And, cute little codependents (like us) think filling in those gaps for them would make them love us.

Truth is, they never saw it.


----------



## Pbartender

Conrad said:


> And, cute little codependents (like us) think filling in those gaps for them would make them love us.
> 
> Truth is, they never saw it.


Worse than that, the narcissism often lets them think that there isn't a gap to begin with... They'll let themselves believe that they are exceptionally skilled in that area and/or everyone else (including us) is bumblers.

Not only do they not see it as someone showing their love through action, and not love us in return for it, they _resent_ us for taking the responsibility away from them... for doing it better than them... for exposing their weakness... for forcing them to admit that they need help sometimes... for stealing the glory and attention that they should have gotten...

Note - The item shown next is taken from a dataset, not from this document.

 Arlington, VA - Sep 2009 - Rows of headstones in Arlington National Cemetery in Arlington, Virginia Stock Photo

When we do something nice or helpful for them, regardless of our intentions and expectations, they don't think, "Oh, thanks! I did it so much better/faster/easier/etc with your help! I really appreciate that!"

Instead, they think, "He doesn't trust me to do anything myself. He thinks he's better than me. He thinks I'm stupid. I could have done it better myself."

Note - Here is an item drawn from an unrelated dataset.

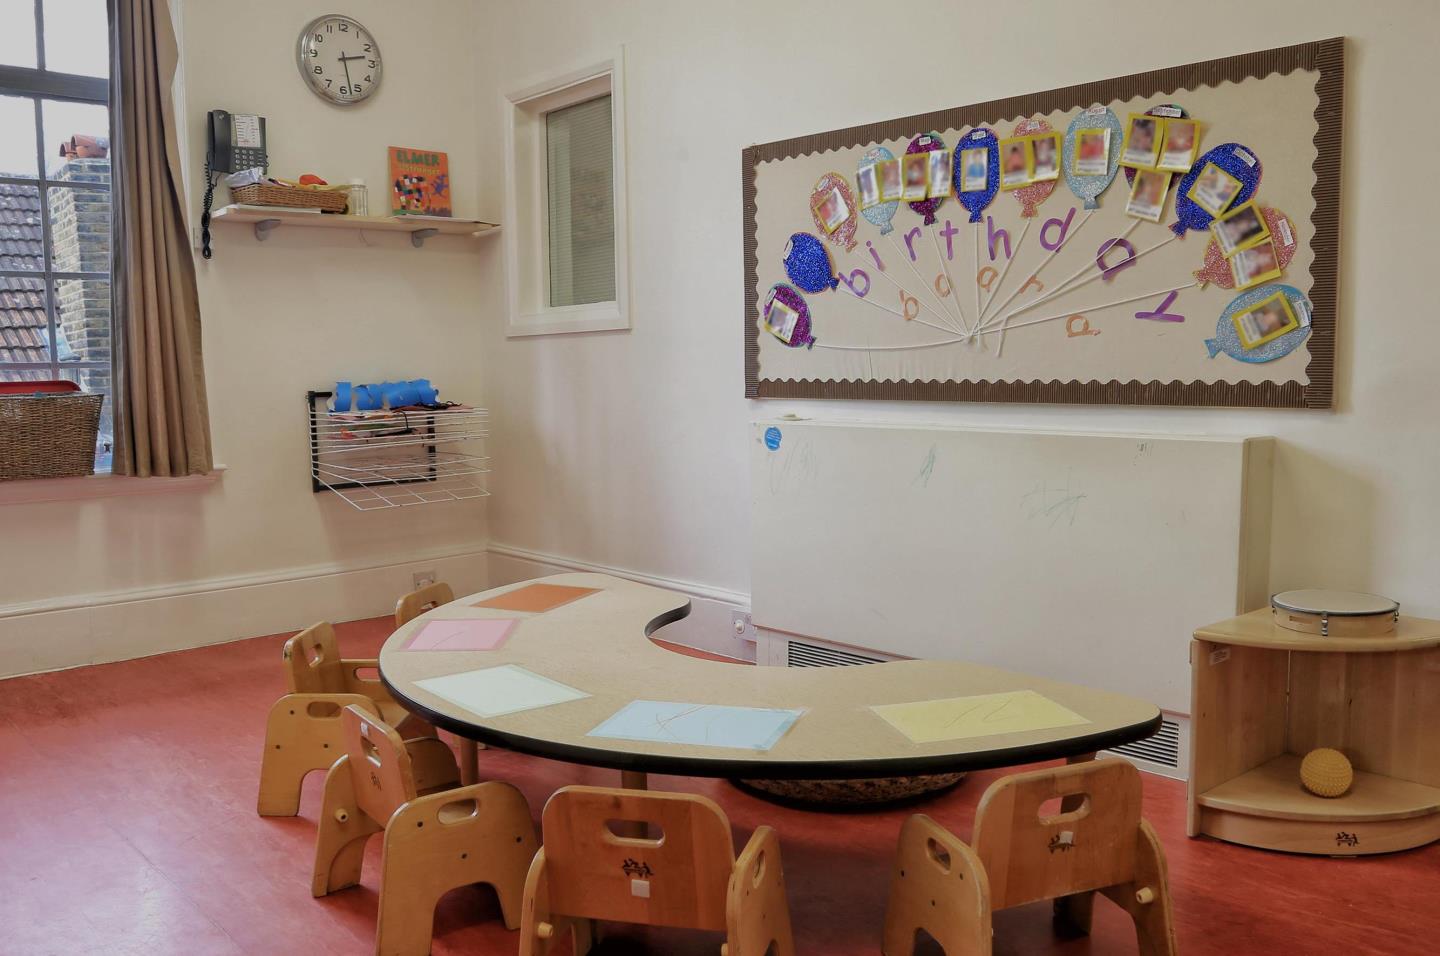 Bright Horizons Lewisham Day Nursery and Preschool Lewisham 03339 207050

Well, then... Now she can do it herself. Her problems are no longer my problems. I have enough of my own gaps to fill in.


Pb.


----------



## Pbartender

Conrad said:


> You remember how Hermes' therapist blew off codependence as a topic?
> 
> Don't let that happen.
> 
> Make sure the counselor challenges you - or find another one.

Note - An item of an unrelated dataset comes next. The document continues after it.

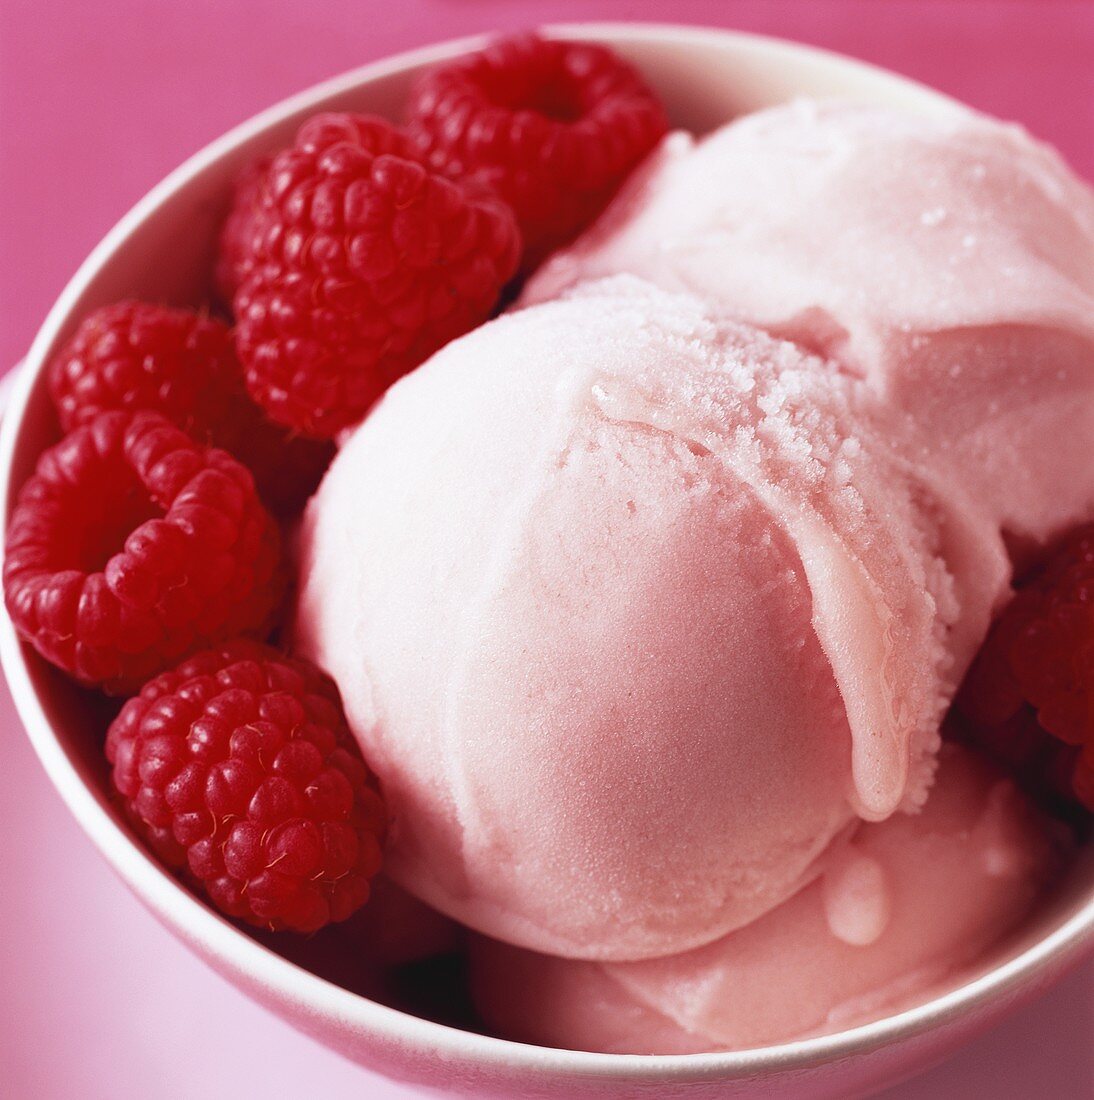 Raspberry ice cream with fresh raspberries in a bowl

By the way, I just scheduled my next session with my counselor, and said that I'd like to start addressing my own contributions to the problems that led to divorce -- codependence et al. -- and that I need to relearn how to set solid boundaries, and hot to stand my ground and defend them when necessary.

Sounds like she's all on board with it.


Pb.


----------



## Pbartender

Ten days into Power 90. The workouts are still challenging, but my muscles are no longer stiff and sore the next day. I don't see an obvious change yet, but I'm down 5 pounds from the start.

Tonight, I'm meeting up with a bunch of my new imaginary friends at a pub to go see a local band that covers 80s hair-bands.

Still no reply from STBXW.


Pb.


----------



## zillard

I've hit the point where I'm gaining weight slowly but the skinny jeans aren't shrinking!


----------



## Pbartender

Deadline's today... Still nothing from STBXW or her attorney. I'll write an email to my lawyer when I get home from work today.

Apparently, she's been a little too preoccupied with posOM, since when she left Friday evening to give him another "ride home from work", she didn't come home until 7:30 am Saturday morning... No skin off my back, except for the fact that she didn't let anyone know -- neither me nor the kids -- that she wasn't coming home until the next morning. D13 was a little confused and worried when she woke up and Mom wasn't home.

Priorities.

No worries, though... I started our usual Saturday morning house cleaning about 9:00 am, beginning with the vacuuming. 

And besides, I was feeling pretty jazzed from my own fun the night before...

*THIS JUST IN! PBARTENDER MAULED BY COUGAR!*

The Meetup on Friday was great. Really good Irish pub, and a fantastic cover band playing old Aerosmith, Bon Jovi, Gun & Roses, et al. It was my first outing with this group, so there was a lot of introductions and mingling going on. There was one other newbie there -- a pretty hot older woman -- and so we sort of ended up sticking together much of the night. She seemed to be digging on me, and when the bar scene started getting a little tiresome, we stepped outside and took a walk down by the river. Later, when I walked her out to her car, she practically dragged me into the back seat, and we made out like a couple of teenagers in high school. She spent the rest of the weekend texting me.

:smthumbup:

Saturday the kids I cleaned the house, ran some errands together and then hung out watching movies and eating pizza.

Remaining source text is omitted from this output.